Poco después de que parara
la lluvia un murulllo se escuchaba a lo lejos…”Misioneros”, parecía acercarse… “Misioneros”…
eran varias voces además… “Misioneros”. Y entonces los vi. Un grupo de niños
corriendo a nosotros muy felices, algunos de ellos al llegar se ponían tímidos
y dejaban de correr o de gritar, pero hubo uno, solo uno, que siguió corriendo
y sin ningun temor se chocó contra mis piernas abrazándolas, y solo una frase
salió de su boca: “gracias por venir”. Así fue como conocí a Darwin.
Nunca olvidaré nuestra
primera conversación donde, como a todo niño, le pregunté qué quería ser cuando
grande, él, sin dejar lo que estaba haciendo, me dijo naturalmente: “Yo quiero
ser sicario, para vengar a mi papa y mi hermano”.
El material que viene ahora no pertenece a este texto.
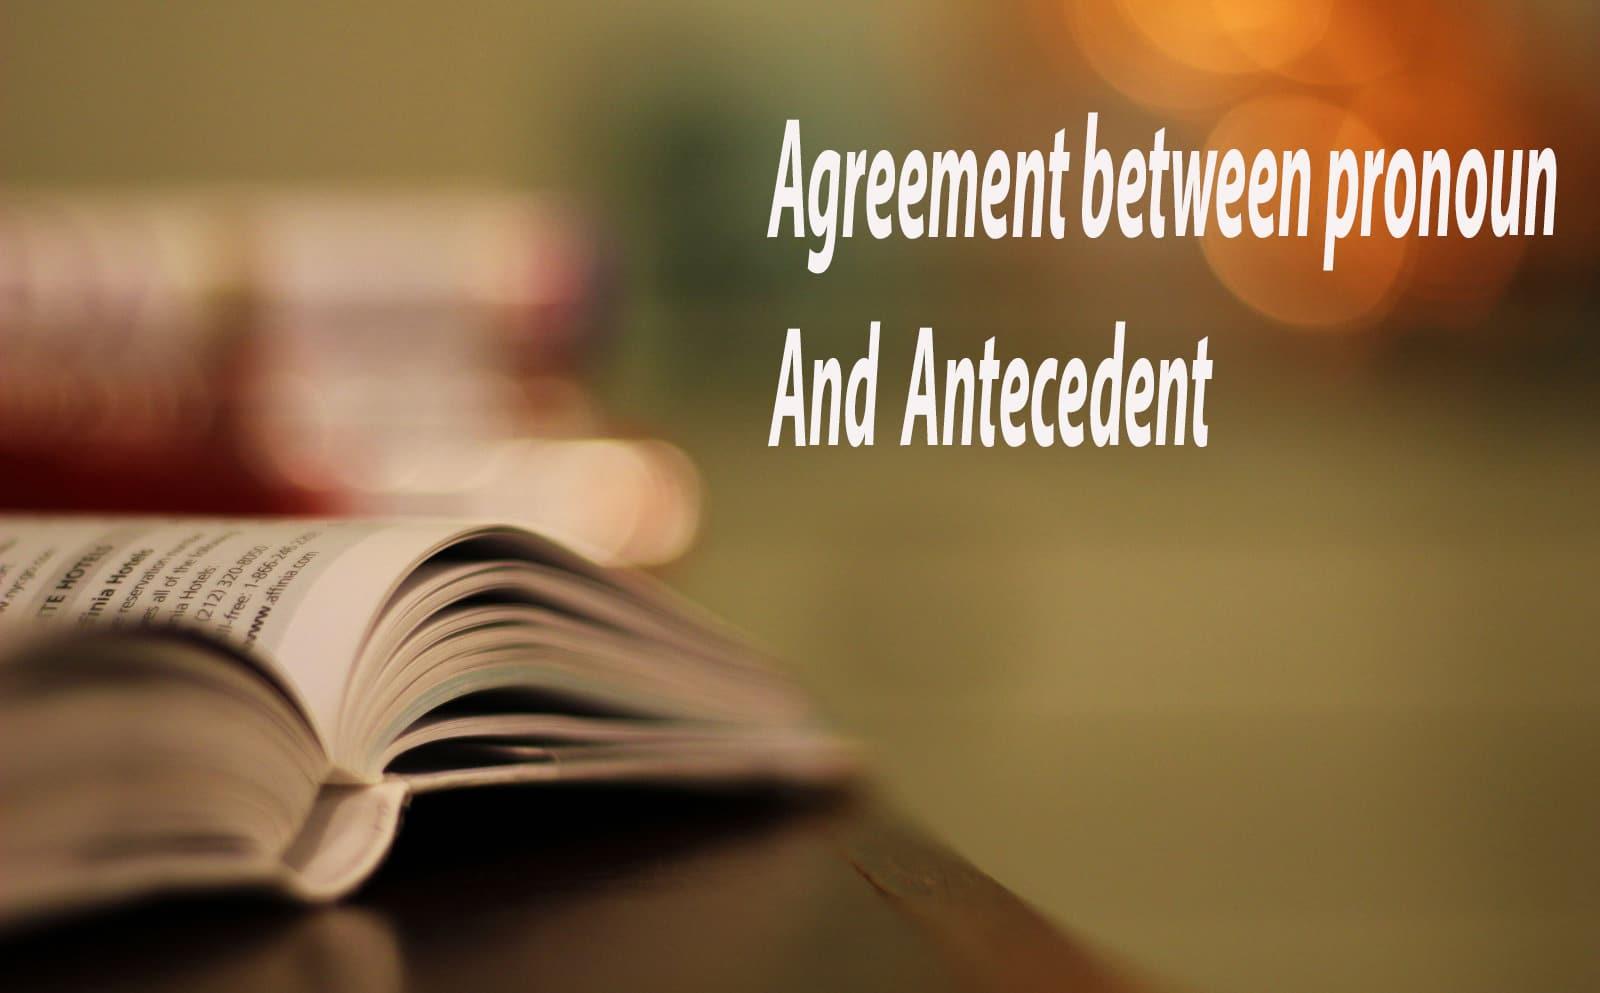 agreement between pronoun

No se lo comenté a nadie, no
lo hablé con nadie, pero esa respuesta me abrió los ojos a una realidad completamente
distinta a la mía. Él no quería ser piloto, él no quería ser bombero, él quería
vengarse o morir en el intento, y solo tenía seis años.
¿Cuáles son mis problemas
personales? ¿Qué es lo que me preocupa? ¿Cuál es mi realidad? Una vez más me
sentí patético.
Todo esto que tengo, todo lo
que he aprendido, todo lo que soy, ¿lo tengo solo para mí? Una vida llena de
oportunidades convertida en una vida llena de egoísmo.
Desde entonces mi único
propósito para esas Misiones iba a ser cambiar la vida de Darwin. “Que mi vida
no sea en vano”, pensé.
Darwin se volvió nuestro guía,
nuestro amigo y nuestro cómplice. Aprendíamos de él y él de nosotros. Nos
reíamos con él y él con nosotros. Nos acompañaba casa por casa visitando
familias y por una semana olvido el odio, el temor y la desesperanza. Esa
semana Darwin fue feliz.
Pero todo acaba, y los
momentos felices pasan especialmente rápido. Uno de los recuerdos más
conmovedores que tengo en mi vida fue ver a Darwin, el día de nuestra despedida,
aparte en un rincón llorando. Él se negaba a despedirse, se negaba a aceptar la
realidad.
Yo me le acerque y empezamos
a hablar largo tiempo, le recordé su labor con su vereda, la importancia de que
fuera bueno y guiara a sus amigos y el poco a poco fue dejando de llorar. “Darwin”,
le pregunté, “¿Qué quieres ser cuando grande?”, él levanto sus ojos encharcados
en lágrimas y me dijo: “Yo cuando grande quiero ser Misionero”.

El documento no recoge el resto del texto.